Sustainability Architect update: Clare

It’s not exactly an easy task, ensuring that every student at a university has the opportunity to access learning for sustainability. Especially at an institution as large and diverse in focus as the University of Leeds. Even more so when you have just 6 hours a week to commit to it…

Yet, when you take a closer look, it’s perhaps a little less enormous than originally anticipated. The information-gathering I did in my first few weeks as an Architect revealed that sustainability already appears quite frequently in certain areas, and through particular mechanisms, of the university curriculum. There are entire programmes with sustainability at their core, including BSc Sustainability and Environmental Management at the School of Earth and Environment and MSc Sustainability in Transport at the Institute for Transport Studies. Some programmes include sustainability modules, and for those students who can chose electives, Discovery module themes include Creating Sustainable Futures. For programmes that don’t include electives, some have had specific modules crafted by the Sustainability Service, like Sustainability in Healthcare for the School of Medicine. Students wanting to focus their dissertation research on a sustainability issue can explore opportunities with the Living Lab.

So it wasn’t going to be a case of starting from scratch, but more accurately, one of highlighting existing initiatives, joining up some dots, developing things further, and perhaps introducing new initiatives where gaps are revealed. All of which necessitates a more detailed picture of what’s already happening. One aspect of creating this picture has involved an audit of modules that include aspects of sustainability. None of my searches for a standardised approach to this sort of audit came up trumps, so I developed my own rule of thumb: if a module covers challenges within at least one of the three pillars of sustainability – economic viability, environmental protection, social equity – or explores how to tackle some of these challenges, it was added to my list. Applying these criteria as I worked through the module catalogues resulted in a list of 192 undergraduate modules and 133 postgraduate modules. Which are not insignificant numbers, but tell us relatively little on their own. To be really useful, we need to know how many students are enrolled on each of these modules, which of them is a compulsory part of a course, and a whole lot of other things. The search for these details is one of the things I’m currently working on, but at an institution as large as this it’s tricky to work out where those numbers can be found, or even if they’re kept in any one central place.

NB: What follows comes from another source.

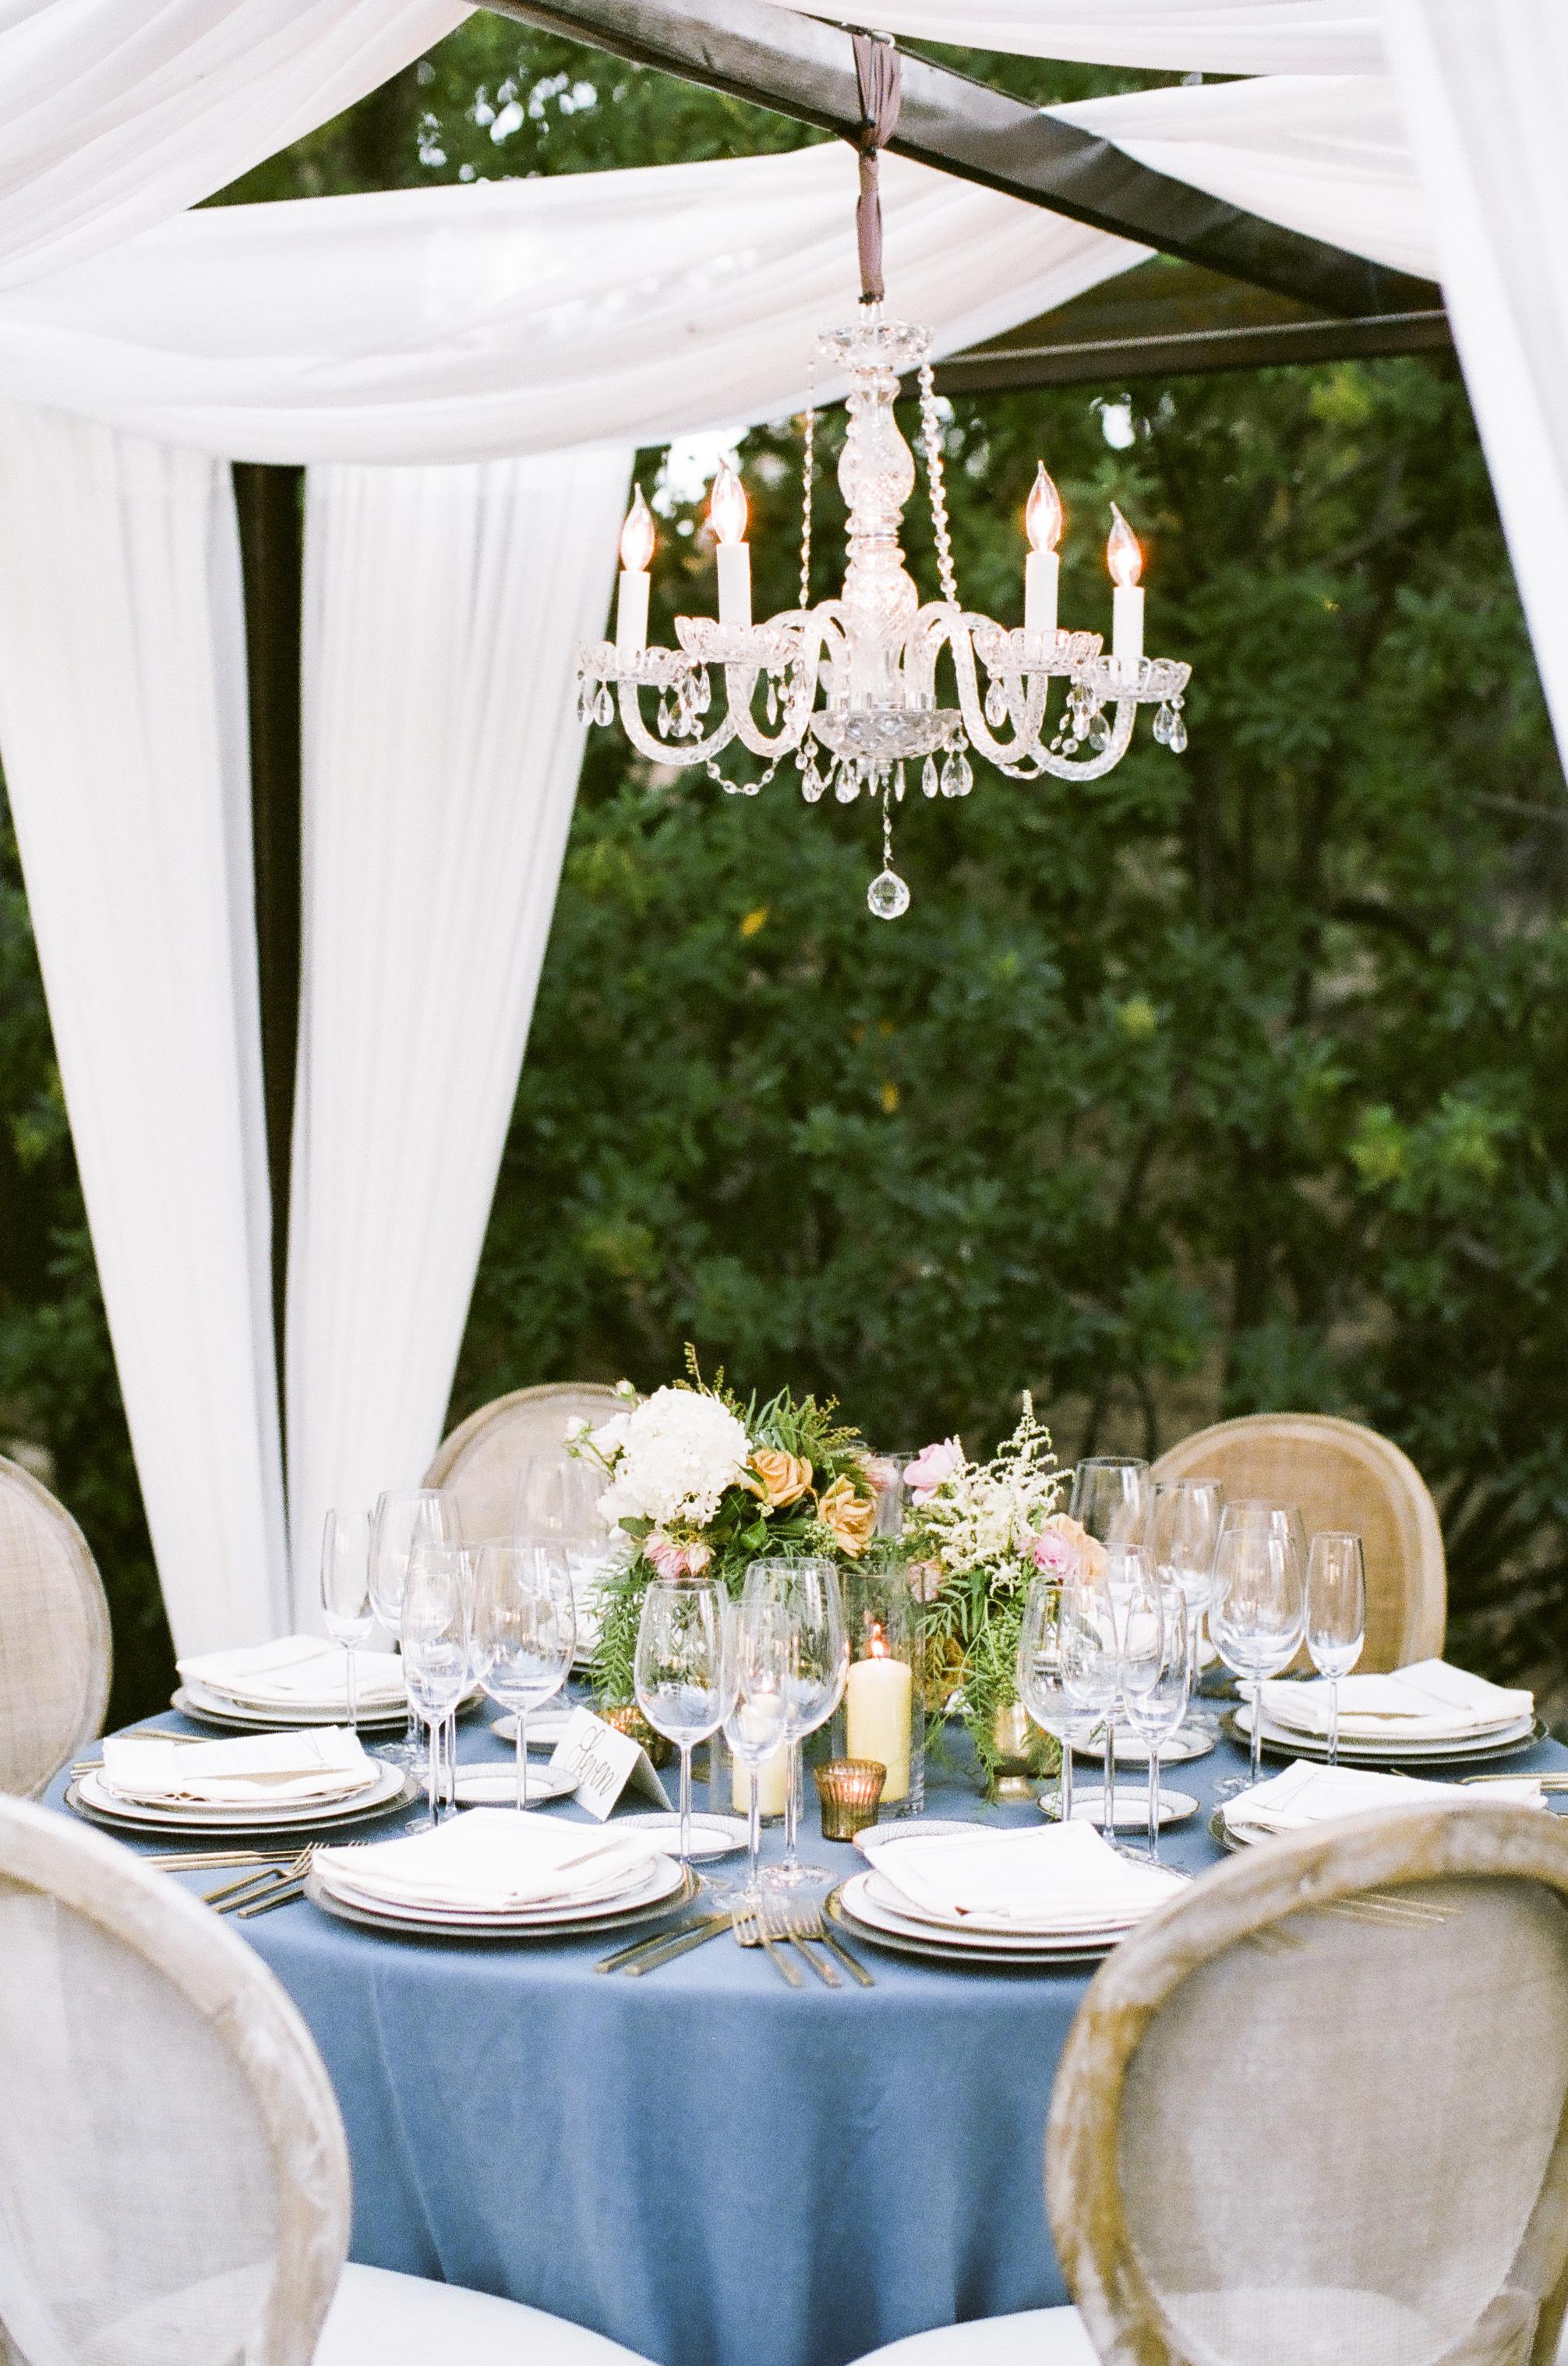 EmmieWill_Wedding_LoveNancyNeil373.jpg

Alongside the module audit, I assisted with the design and running of the second Student Sustainability Conference that took place in February. Hosting 190 attendees, it featured over 30 student presentations, covering everything from sustainable drainage to microplastics, from vegetarianism of the Romantic poets to creative social activism. It’s a particularly important event, as it offers an opportunity to bring these pockets of changemakers together, to share their research, provide support or provide some challenge. Exposure to, and collaboration with, different disciplines is a core aspect of sustainability thinking.

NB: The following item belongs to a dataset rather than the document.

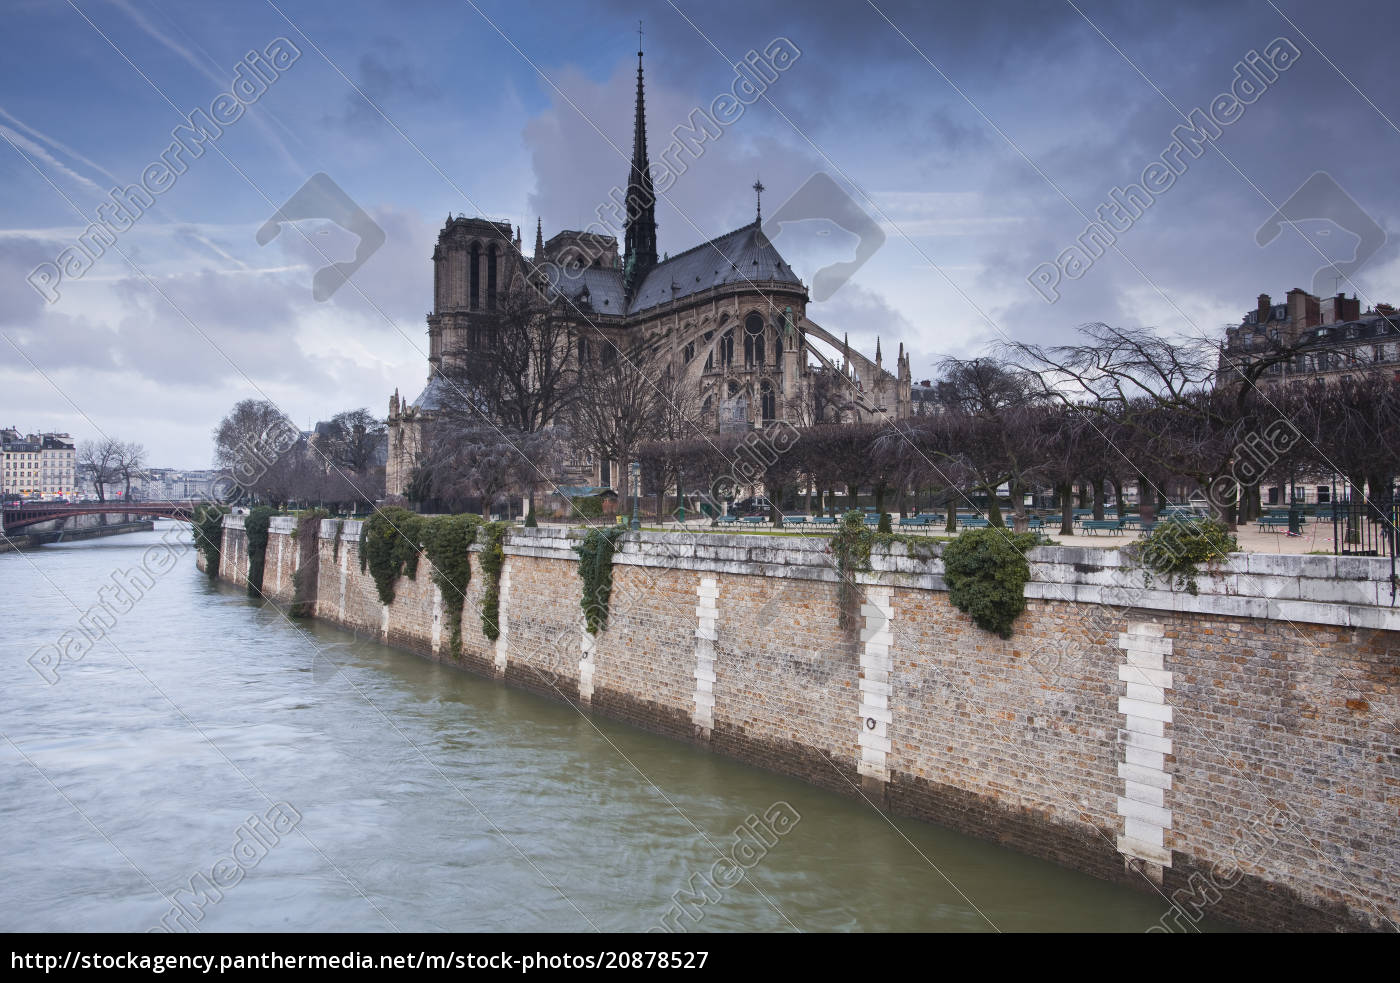 kathedrale, notre, dame, de, paris, paris, frankreich, europa - 20878527

Over the next few months I’ll be thinking more about how to gather insight into the levels of sustainability understanding that students have both at the beginning and at the end of their time at the university. That will give us a better sense of the degree to which the initiatives in place are adding up to a more sustainability-savvy student body. My guess would be that some good progress is being made at the current level of activity, but there’s much more that can be done to ensure that every student graduating from the university is a sustainability champion.